I recognise that GCSE qualifications are important, but it is just as important for people, particularly those who are disadvantaged or excluded from society, to learn, to be inspired and to achieve, be that in performing arts or elsewhere. Anyone who visits Churchfields school and sees its productions, or just walks into one of its performing arts classes, will see children, often from some of the most disadvantaged backgrounds, thoroughly absorbed in their schooling. In dance, the school achieves what many others have failed to do: it makes boys as inspired by dance as girls are. One can see students who, in other schools, would have been excluded, keen to attend and to perform in art, music, dance and drama. Yet all that the appeal panel seemed interested in was why the school's GCSE results for 2001–03 had riot exceeded those in 2000.
The Government know that results are crude indicators and that added value should be looked at. Churchfields school's value-added performance has continued to improve over the past two years at both 125WH key stages. The whole-school value-added improvements have also taken place in separate subject areas, most notably in the performing arts.

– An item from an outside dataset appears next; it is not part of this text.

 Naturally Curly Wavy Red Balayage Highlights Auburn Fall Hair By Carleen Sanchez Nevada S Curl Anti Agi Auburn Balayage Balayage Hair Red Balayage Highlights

I recognise that, at a superficial level, the results look dramatic. In 2000, 42 per cent. of Churchfields students achieved five A to Cs. That fell to only 22 per cent. in 2001, rising to 31 per cent. in 2002 and 28 per cent. in 2003. However, any serious analysis of the situation at Churchfields school fully explains why there is an improving school underlying those statistics. The school is on target to achieve 36 per cent. five A to Cs this summer and more than 45 per cent. in the summer of 2005.
So what is the bigger explanation? Performing arts status was achieved in September 1999, at the very same time when the school completely changed because a neighbouring school—Oakfield school, which served the most disadvantaged part of my constituency and whose results in 2000 were 11 per cent. five A to Cs—closed. I opposed that closure, but Ministers confirmed the borough council's decision. Churchfields school took most of the pupils from that school. There was a destabilising of the school as a result of an influx of new students, a significant number of whom were disaffected and further disrupted by their previous school having been closed against their wishes.

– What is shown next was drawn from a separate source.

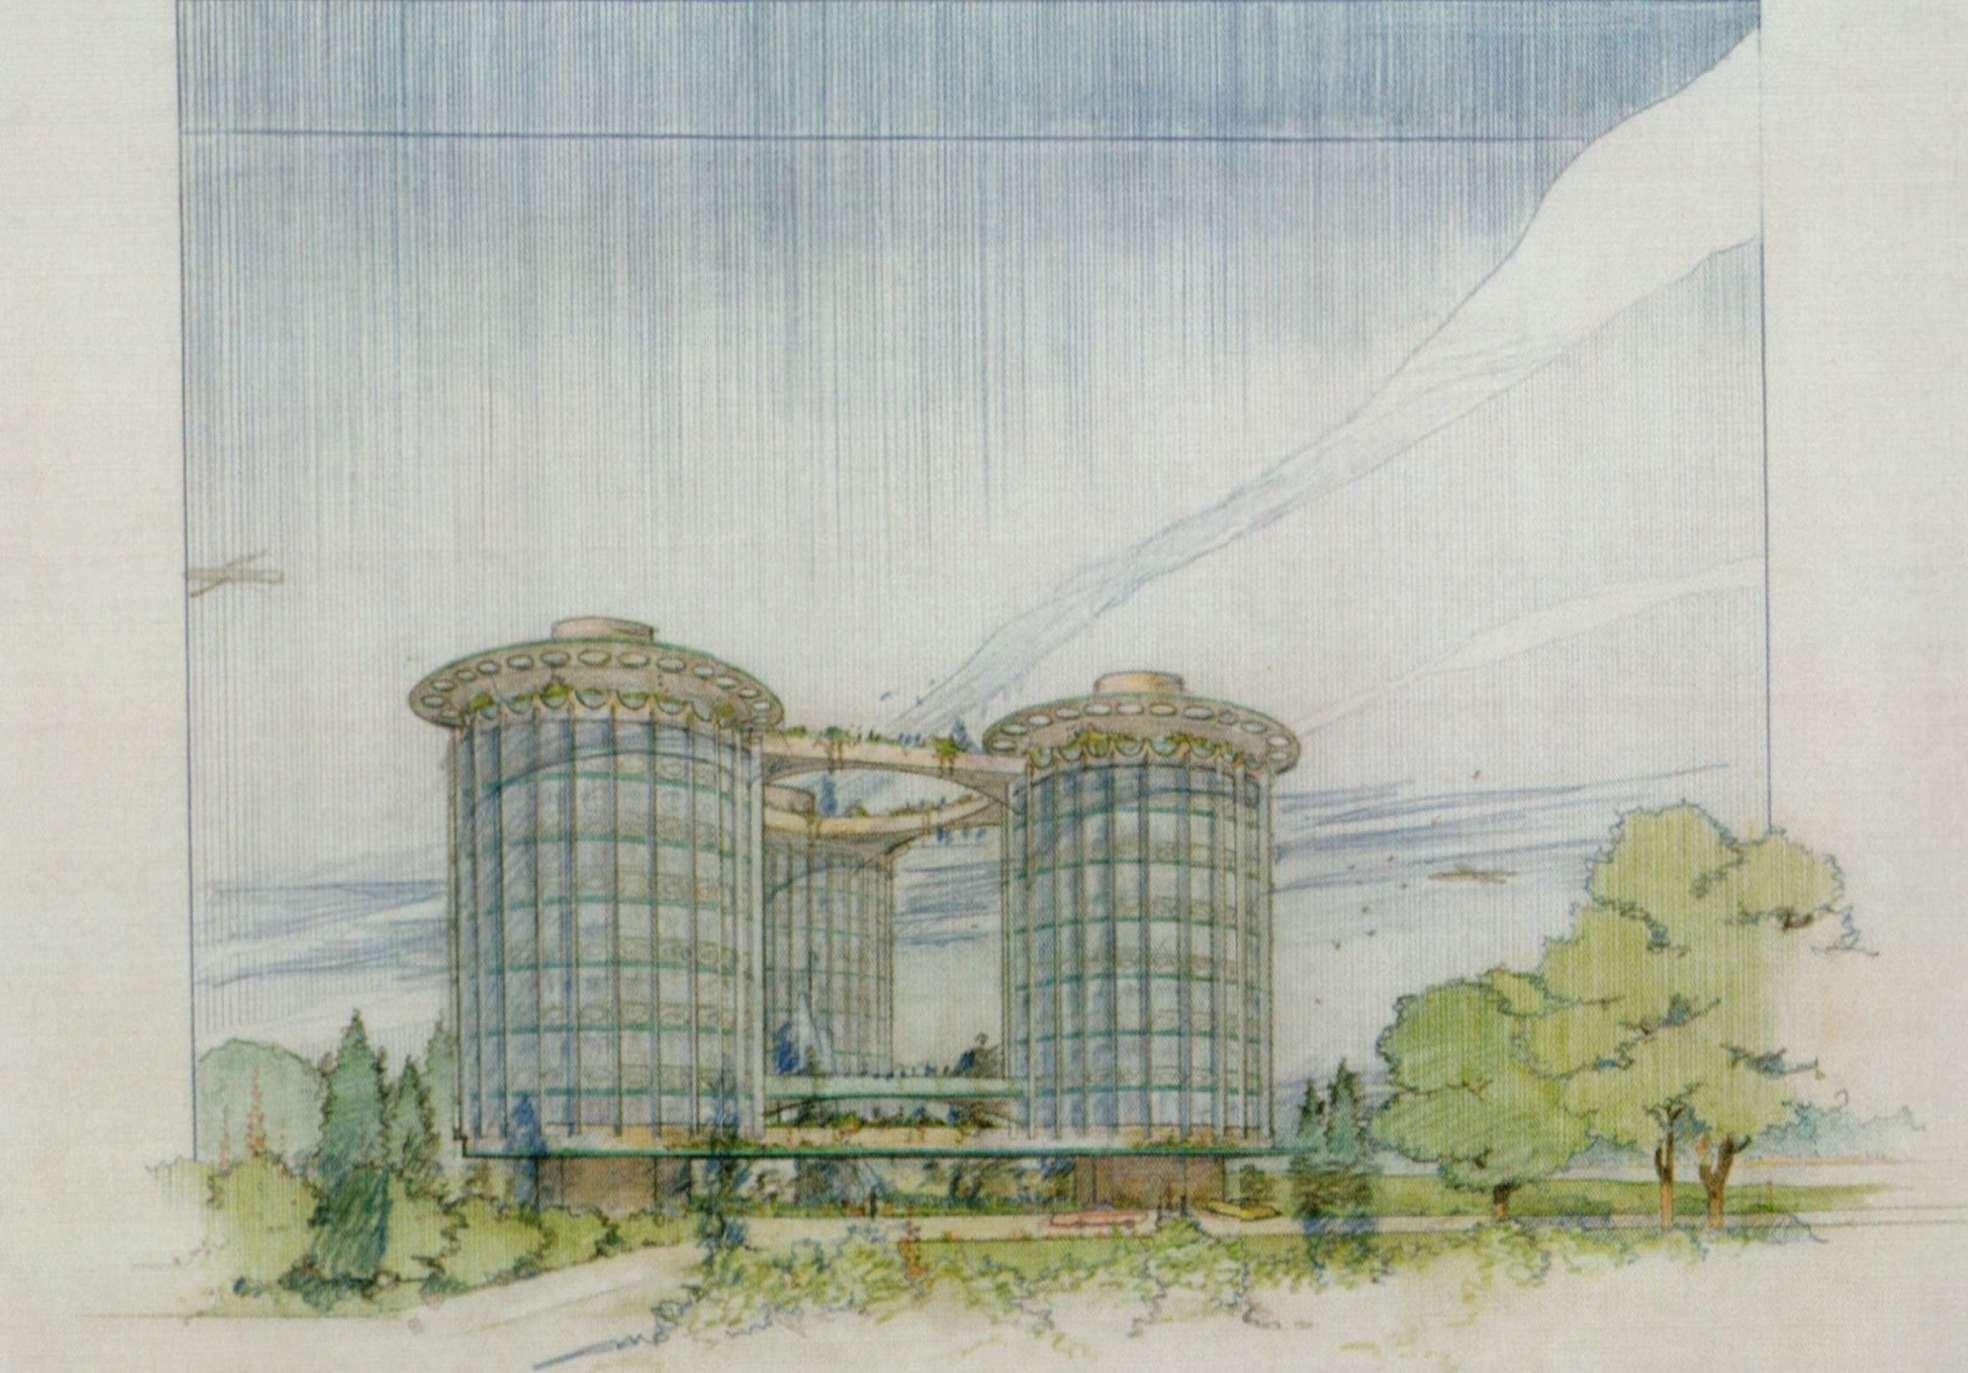 tn-memphis-bramlett-motor-hotel-by-fllw-1-1956

Churchfields now serves one of the 10 per cent. most deprived council wards in the United Kingdom, and 17 per cent. of its students are entitled to free school meals, which is a higher figure than that for other specialist schools, where the average is 14 per cent. Churchfields has increasing numbers. Currently, 23 per cent. of pupils do not have English as their first language. The number of students on the special needs register has more than doubled, going from only 13 per cent. in 1998 to 30 per cent. in 2000.
However, the big increase in the size of the school and the fact that many of those joining it had special needs was not the only issue. Because of the major change for the school and other difficulties. Churchfields school was placed in special measures in January 2000. October 2001 saw the head teacher leave, and Swindon local education authority failed its Ofsted in 2001. October 2001 saw a new head teacher appointed, and within 13 months, by November 2002, the school had turned round and was removed from special measures. That turnaround was incredible and part of the achievement resulted from the work done and the boost that the school had been given by being a specialist school.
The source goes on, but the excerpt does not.